Your medical school class will be fifty-fifty (with both the men and the women significantly more varied by race and ethnicity than they were in my era)—and that means that you will be in a profession, overall, that will be fifty-fifty. Not necessarily every subset—there’s plenty of variation from urology to psychiatry to cardio-thoracic surgery to ob-gyn—but fifty-fifty overall. That is remarkable. Yes, I could lecture you about the need to promote more women to positions of authority, the need for more female department chairs, the need to encourage women to go into the surgical subspecialties in greater numbers.

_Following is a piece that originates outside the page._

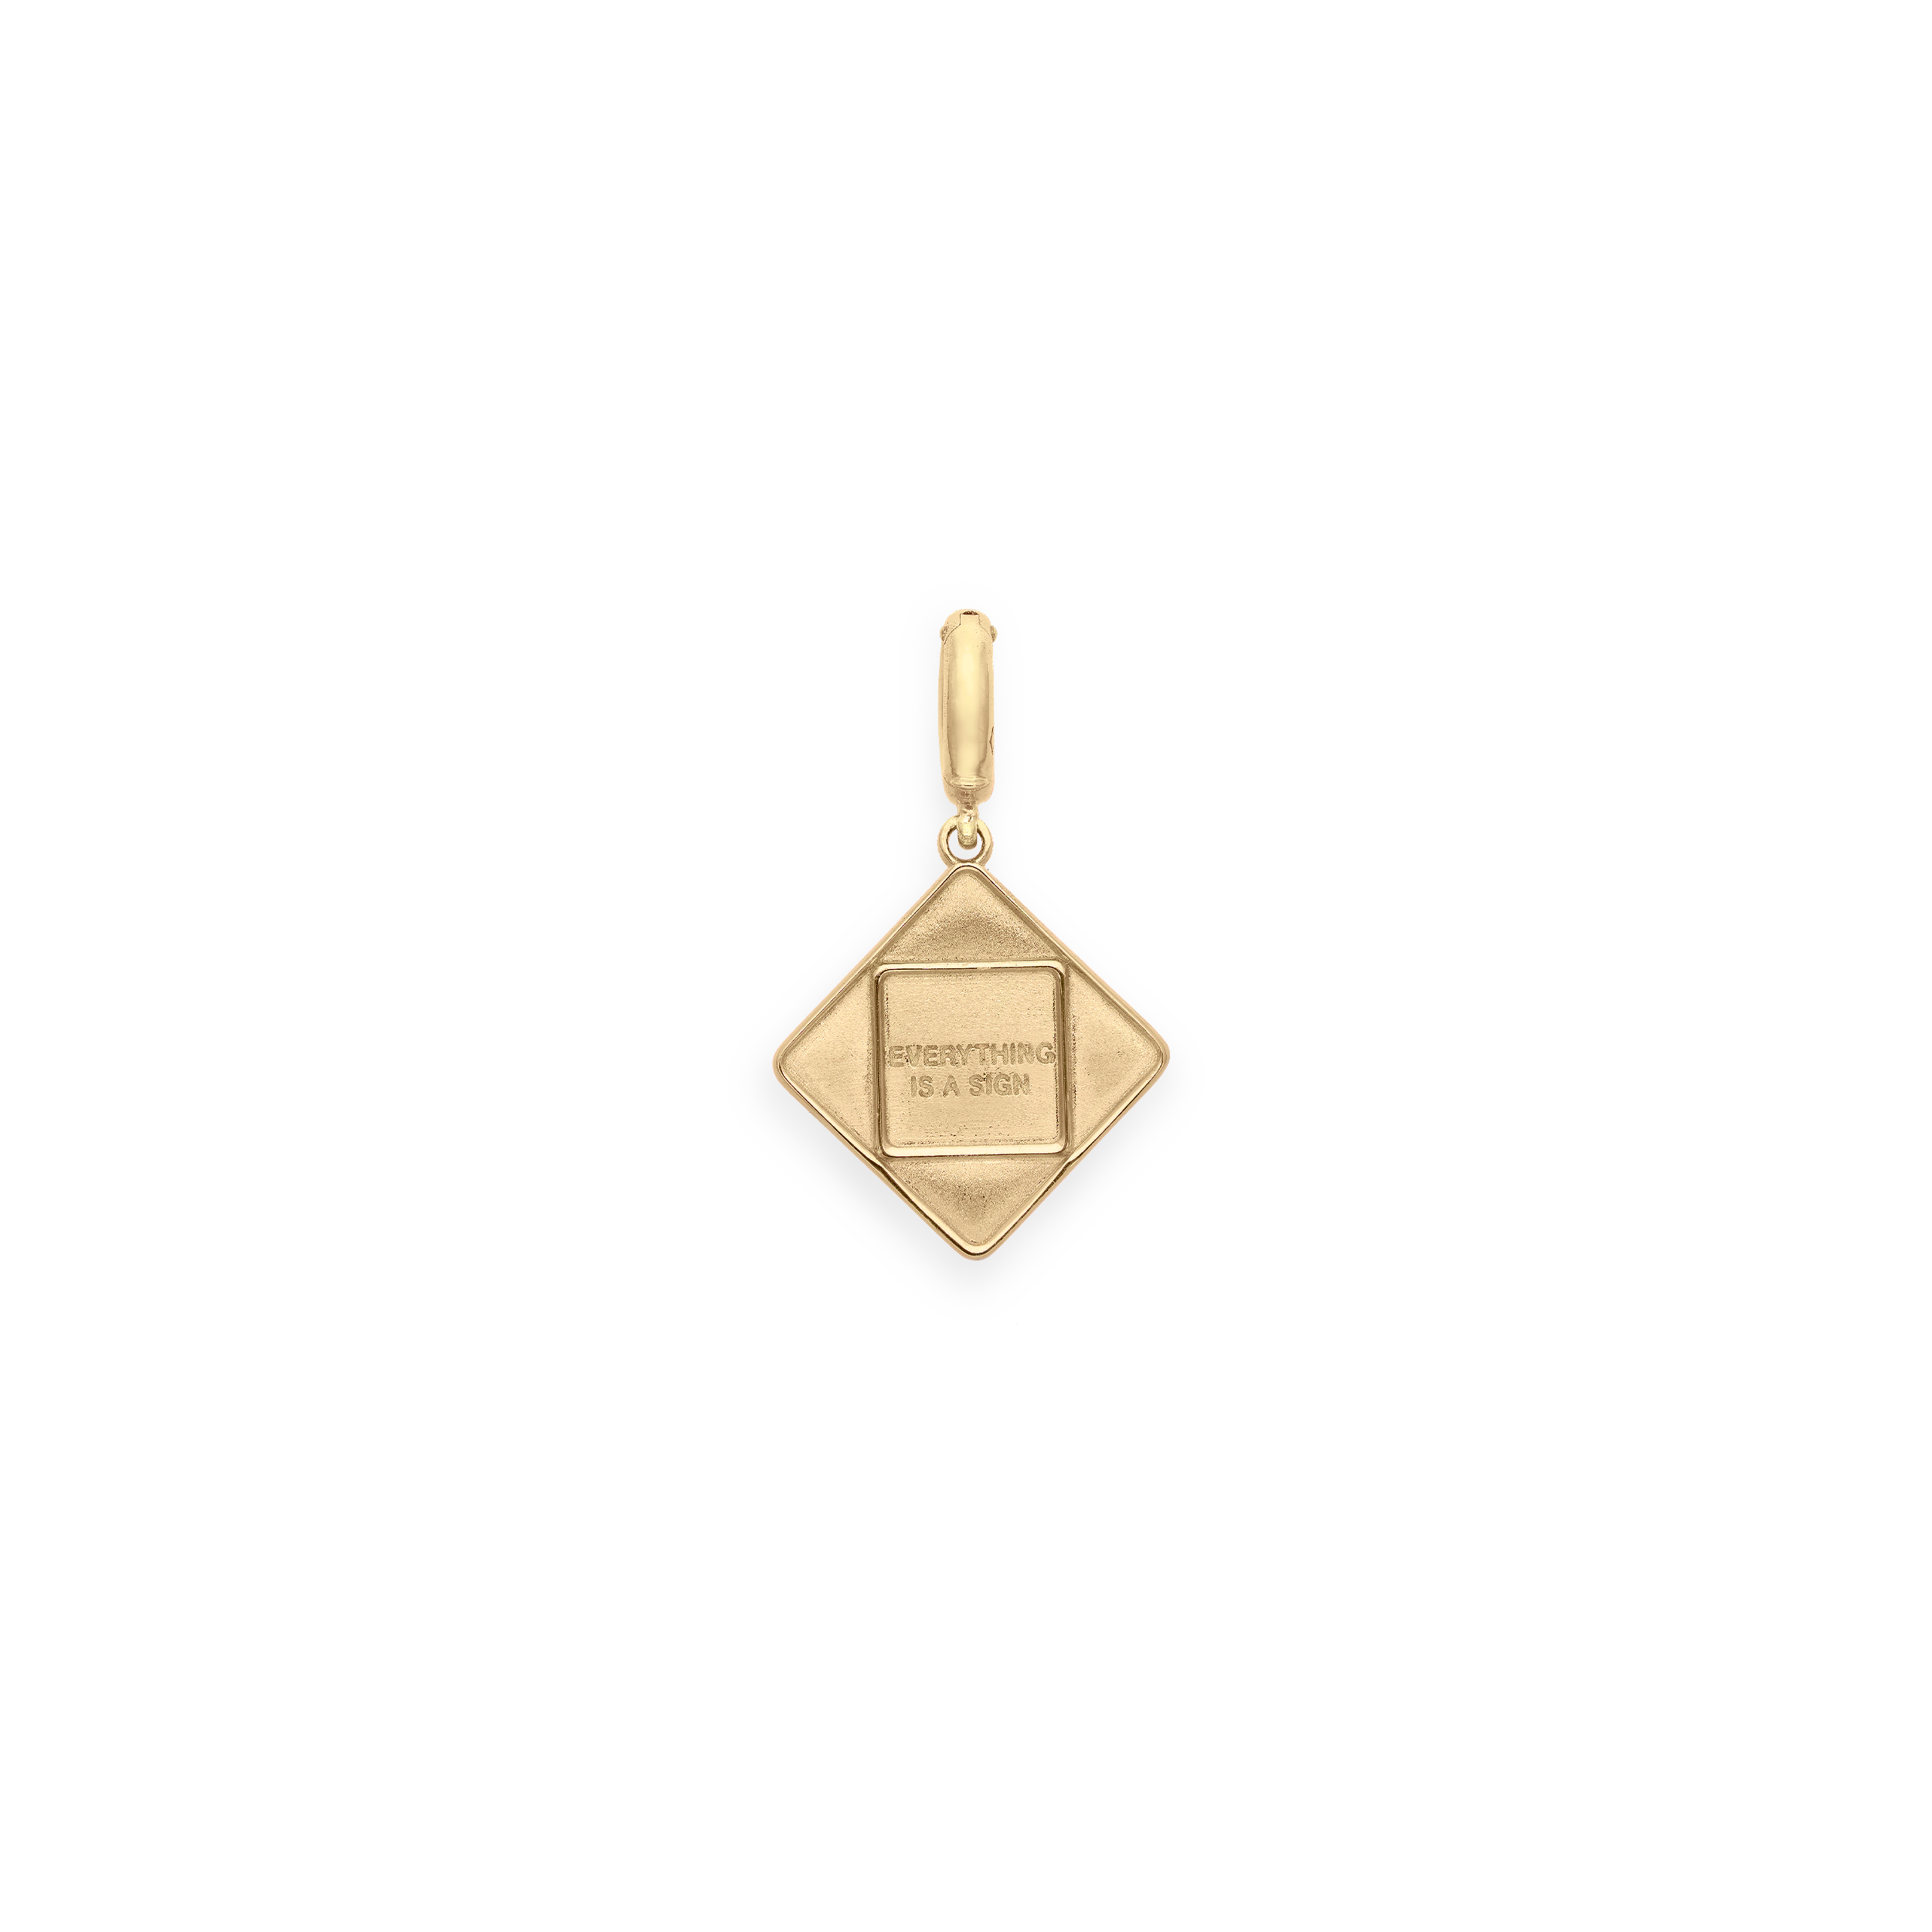 Bruno Yellow Gold Baby "Everything is a Sign" Pendant

But we should also celebrate the reality that a female medical student is now just a medical student, a female doctor is just a doctor.

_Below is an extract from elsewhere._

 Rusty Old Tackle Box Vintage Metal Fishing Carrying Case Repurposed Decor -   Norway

In the late 1980s, I wrote a story for the New York Times Magazine about the greater number of women goinginto medicine, which they published under the title “Are Women Better Doctors?” I didn’t think it was the best title. Yes, I had asked the women doctors I interviewed whether they thought there were differences in how men and women practiced medicine, and yes, the women had essentially all said, yes, there are differences, let’s face it, we’re better! But I meant to include this halfhumorously, more as evidence of woman-doctor pride and solidarity than anything else. The story ran with that title, and I got dozens and dozens of angry letters, mostly from doctors, male and female, all objecting to the title rather than to the article. The question itself was offensive, they said. A good doctor is a good doctor; there are bad female doctors and good male doctors and vice versa. How would you like it, several of the letters queried, if you saw an article published with a title like, are men better doctors, are whites better doctors, are Jews better doctors?

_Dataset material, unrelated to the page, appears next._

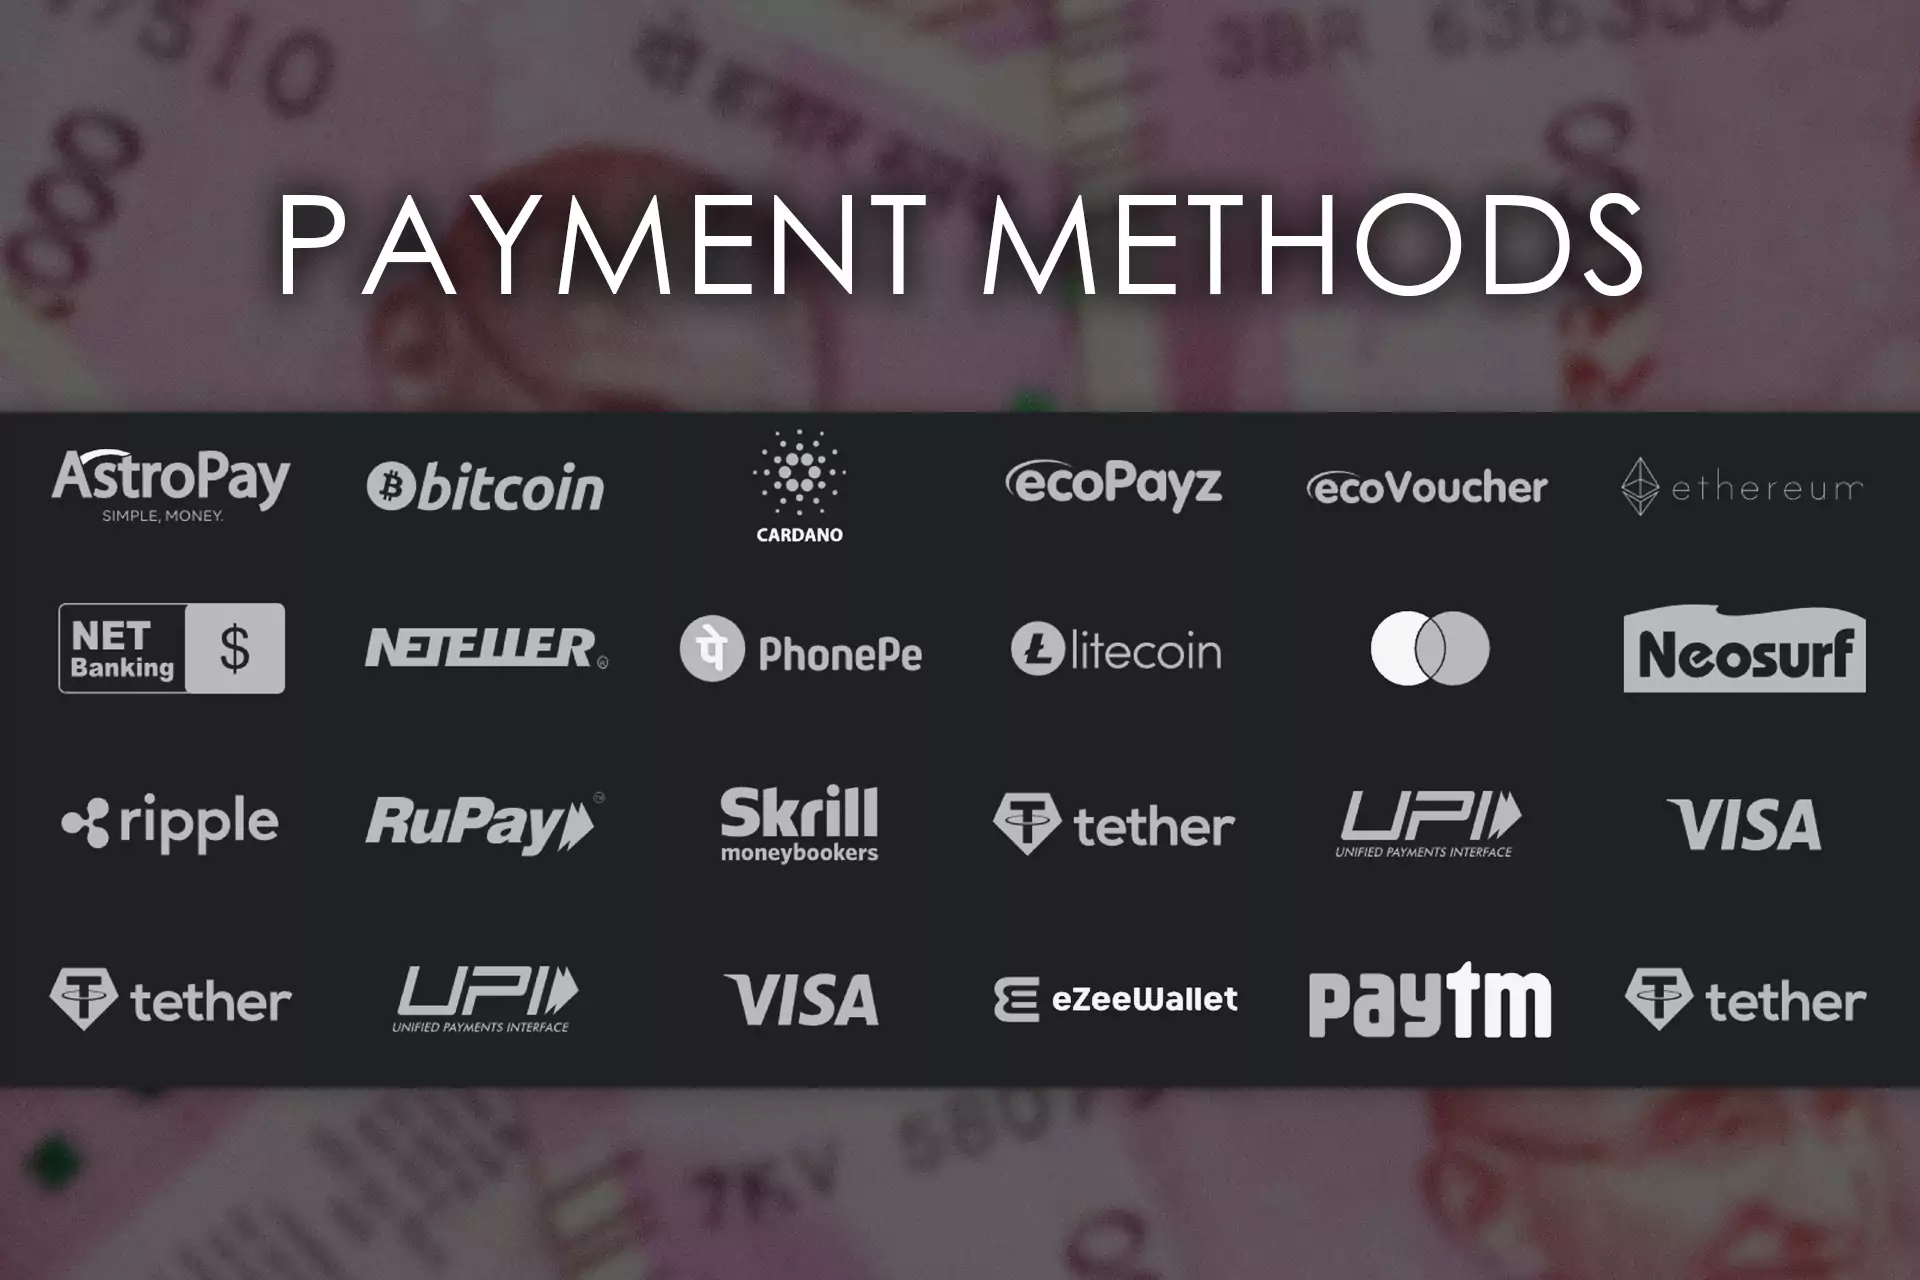 Use your favorite payment system to top up an account or withdraw funds.

And they weren’t wrong—it was an offensive formulation— though I also remember thinking at the time that it would be good if we could all lighten up a little. I was reminded of an incident in medical school when the admissions office began to object that the women’s medical student organization was making special efforts to host visiting female applicants, and the minority students’ association was hosting minority applicants, and so on—and it wasn’t fair, the admissions officers complained, because no one was specially hosting the white men. There was a pause and then someone said, wow, so do you think there’ll be any of them in next year’s class?

I closed that New York Times article with a story about you—I think you were three or four at the time. It was about the time I told you that you were going to see your new pediatrician, and you looked at me nervously and said, “Is she a nice doctor?” I realized that because you knew me and my friends, you took for granted that all doctors were women, and I needed to prepare you to see your male pediatrician. So I told you, gently but (I hope) encouragingly, that boys could be doctors, too. And look at you now!

Speaking of women doctors, do you remember that particular advice I gave you about medical school interviews? If you’re interviewed by a woman faculty member, I said, be especially sure to emphasize not just that you’re the child of a physician—tell them explicitly that your mother is a doctor. They’ll really like that. And you looked at me a bit blankly and said, “Why do you say that?” And I was completely charmed that you didn’t know why, but all I said was, “It’s a long story, dear. Lots of history. Just trust me on this one.”

So yes, let’s talk about getting in. As you know very well, after four years of undergraduate premed work, this is not set up to be easy. The medical profession regulates the number of medical schools, and the number of places available in each medical school, and they keep the lid on tight. That’s why plenty of qualified undergraduates still end up going overseas for their medical training; there aren’t enough spots available in the 125 accredited U.S. medical schools. In fact, U.S. medical schools don’t graduate nearly enough doctors every year to fill the accredited U.S. residency programs, which is why so many need to fill their slots with foreign medical school graduates. That’s why I can tell you so confidently: If you train as a doctor in the United States, you will be able to work as a doctor in the United States.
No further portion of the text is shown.